Day 4: Today was a great day. We left our big heavy backpacks in camp and hiked a couple of hours uphill through Valle Frances, French Valley, to Camparmento Britanico, the British Campsite. This place is very international. On our left, there were avalanches, rock slides, and icefalls that sounded like thunder. On our right, colossal towers were looming over us like skyscrapers. We were surrounded by the Torres del Paine. On our way back down to our camp, we stayed and watched avalanches for a while. We sat on rocks that had been carried to their current position by the glaciers that carved the valley. When we couldn’t feel our butts anymore we returned to camp. Dinner was served early and then the rain started. We darted into our tent and hoped that the weather would clear before we had to start another long day.
Day 5: Rain. We woke up early anticipating about 8 hours of hiking. Of course if it were just hiking, it wouldn’t be too bad. It is hiking sometimes gaining 1000 meters in elevation with at least 20 kilos in our backpacks. My back, knees, hips, everything hurt when I put on my pack. They were so heavy that we would have to help each other put them on. It was only 2 hours to our first refugio and it rained continuously. We dried off as much as we could and had a snack in the refugio. After a while we realized that we needed to get a move on. It was another four hours to the next stop, then two more to our final destination of the day. So we hoofed it. It rained, then got windier, then it rained some more. We were drenched. Nothing is waterproof in that kind of weather. Luckily, I put all of my stuff in a trash bag inside my backpack. My backpack was getting heavier by the minute as it soaked in the cold rain. After a few hours we were cold, miserable and grumpy. We stopped talking and got to the refugio. Inside was like paradise. They had a fire going with lots of gloves, jackets, and hats drying around it. We were able to sit down and relax for a bit. The weather was getting worse and we still had two more hours of uphill hiking to go. Talking to the people that were also sitting around the fire we found out that most of them had come from the campsite where we were trying to go. It was raining harder there and the clouds were preventing anyone from seeing any of the towers. We decided to stay at a lower elevation. The point of going up higher was to see the opposite side of the torres than we had seen the day before. There was snow at the highest campsite. We paid for a campsite (after debating renting a bed) and went to sleep as it was still raining outside.
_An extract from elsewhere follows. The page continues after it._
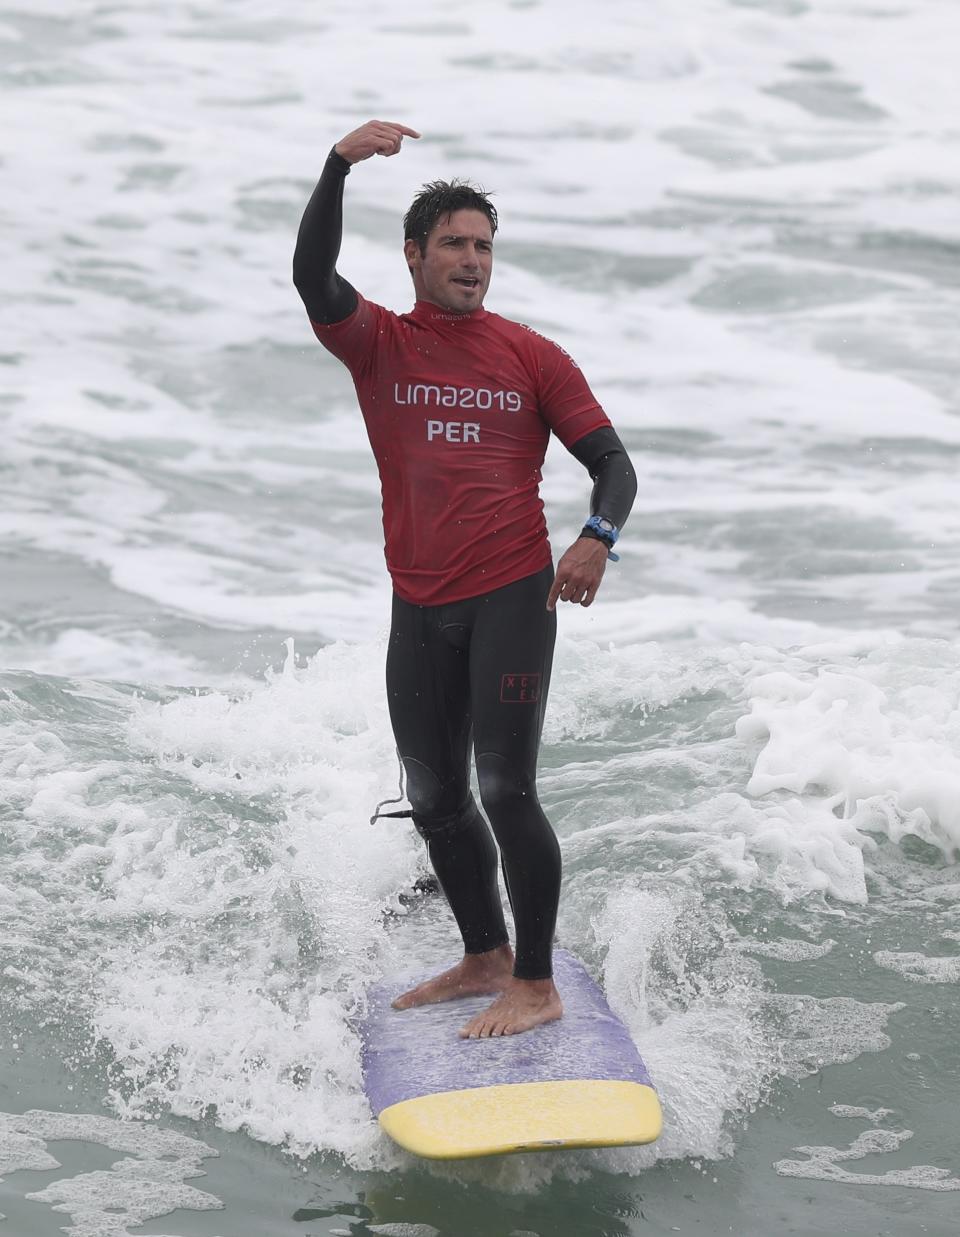 Benoit Clemente of Peru celebrates after winning the gold for longboard during men's SUP surfing a thte Pan American Games on Punta Rocas beach in Lima Peru, Sunday, Aug. 4, 2019. (AP Photo/Martin Mejia)

Day 6: We woke up and it was still raining. The snow line was lower than the day before and the temperature was also dropping. More people had come to the refugio. It was colder and the trail was full of snow. The clouds still prevented the towers from being seen. We decided to sit inside, have tea and wait for the bus back to Puerto Natales. All went as we planned for that day.
So in the end we hiked about 65 kilometers. Saw some things that we have never seen (Guanacos (think llama), Ñandus (like an ostrich), Andean Condors, glaciers, icebergs, avalanches, Torres del Paine), and got to fulfill one of my goals in life.